BEGIN Collected data

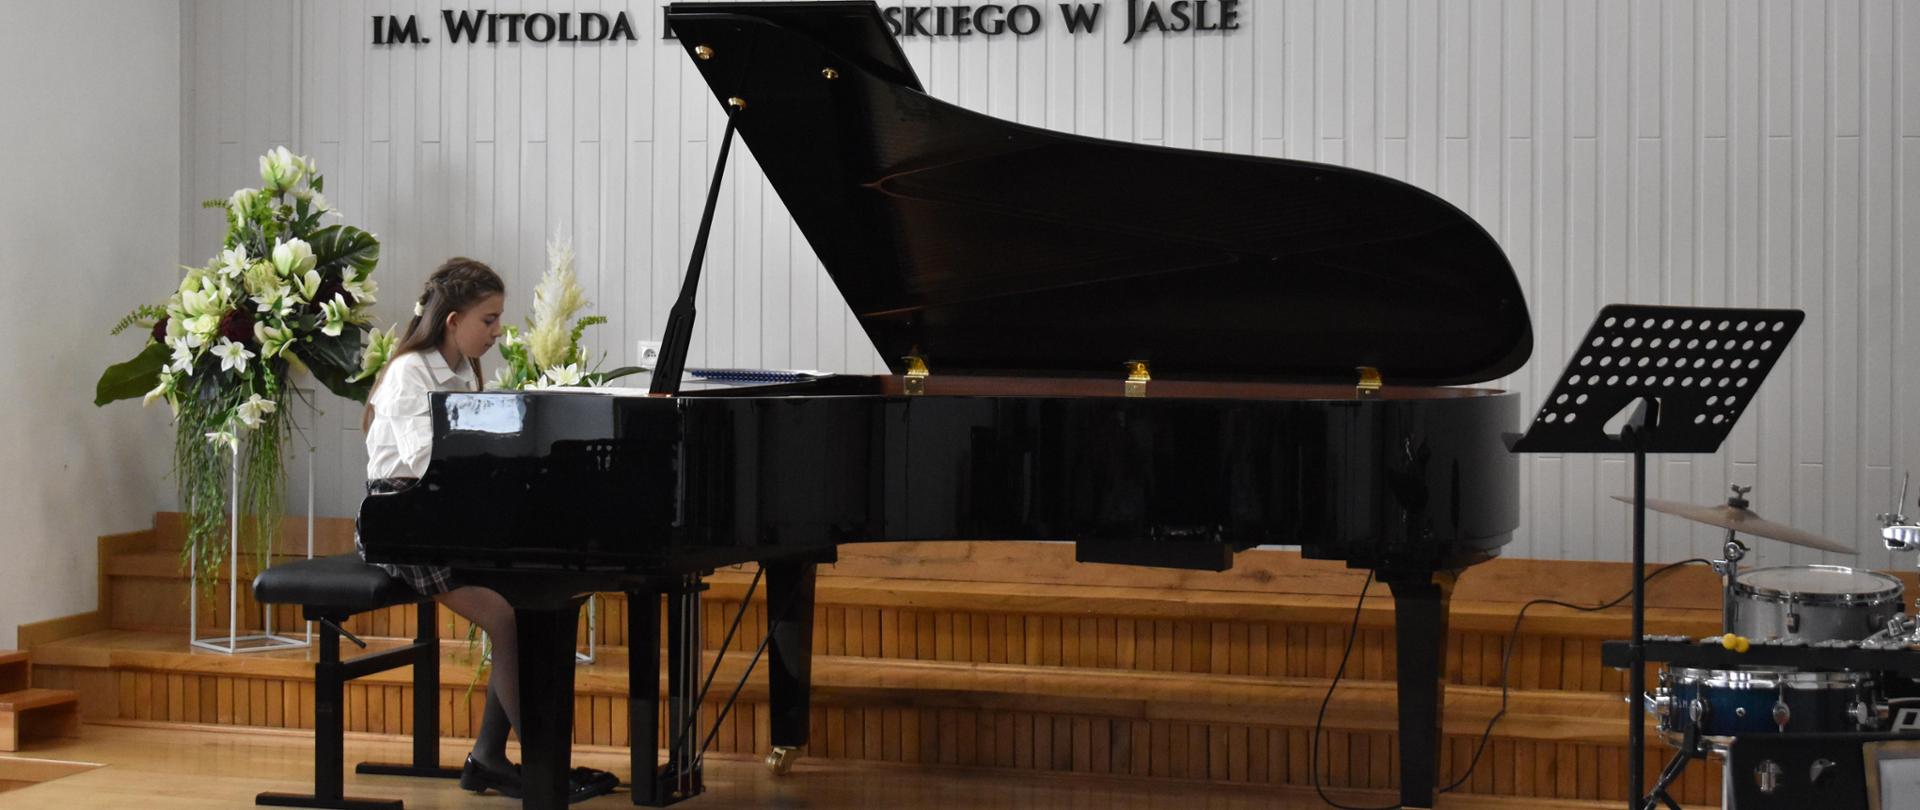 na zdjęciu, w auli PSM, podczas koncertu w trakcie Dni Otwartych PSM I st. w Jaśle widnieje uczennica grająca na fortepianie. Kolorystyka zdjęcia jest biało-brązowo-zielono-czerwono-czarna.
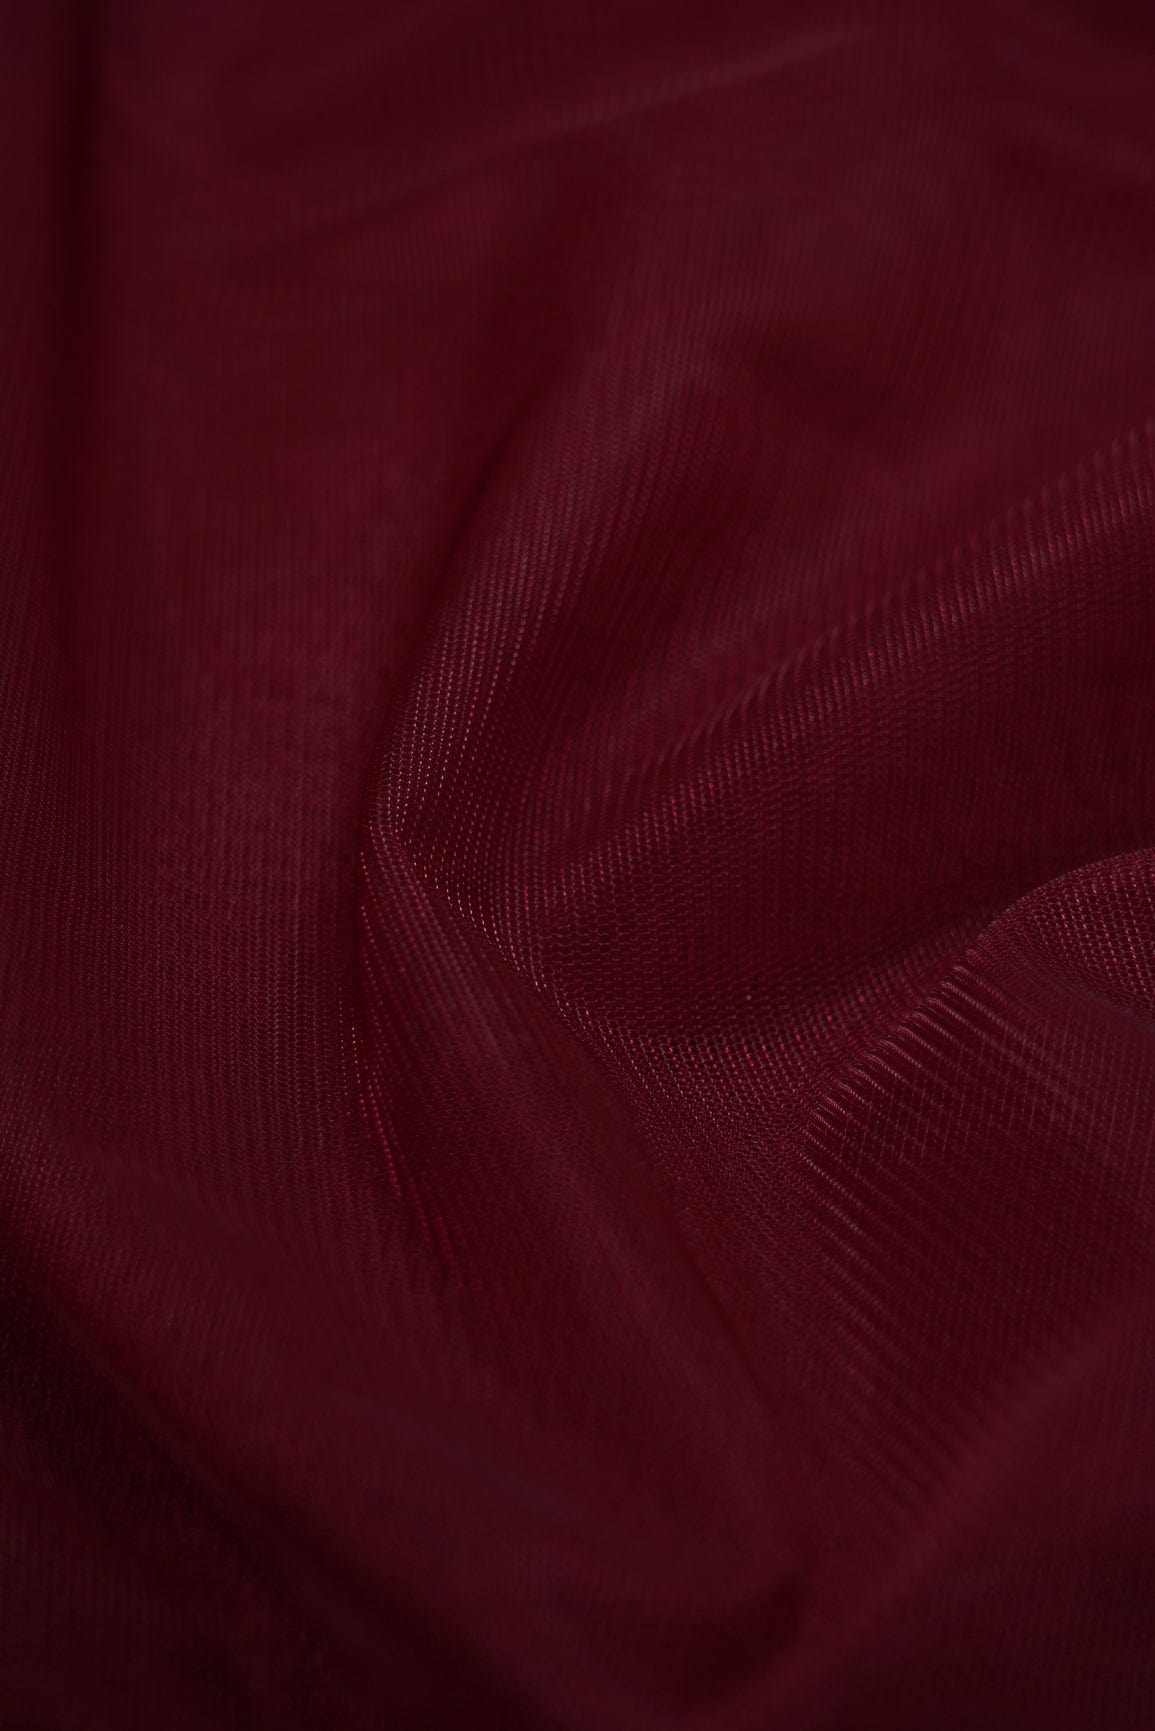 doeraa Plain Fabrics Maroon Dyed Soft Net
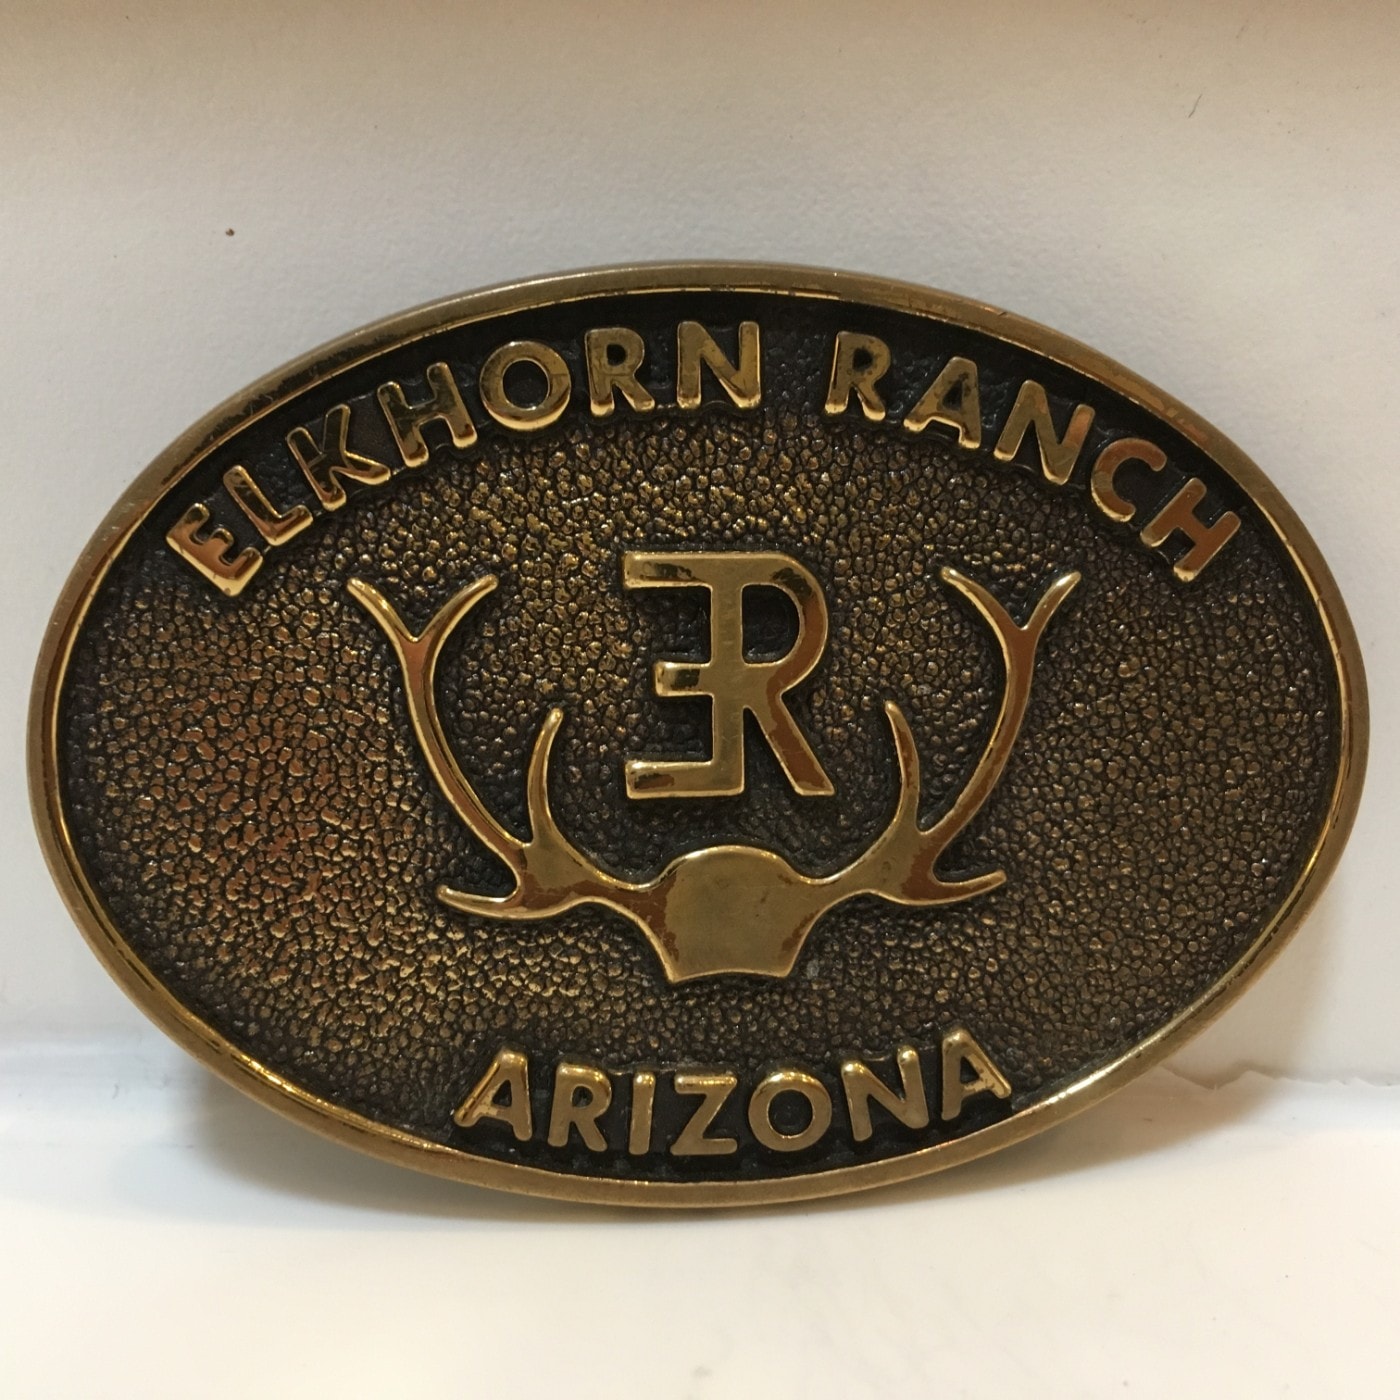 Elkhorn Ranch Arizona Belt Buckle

END Collected data

- The task:
Please return, exactly and with pictures omitted, the lines from the line holding "doeraa Plain Fabrics Maroon Dyed Soft Net" through the end of the data above, inclusive.

- Solution below:
 doeraa Plain Fabrics Maroon Dyed Soft Net
 Elkhorn Ranch Arizona Belt Buckle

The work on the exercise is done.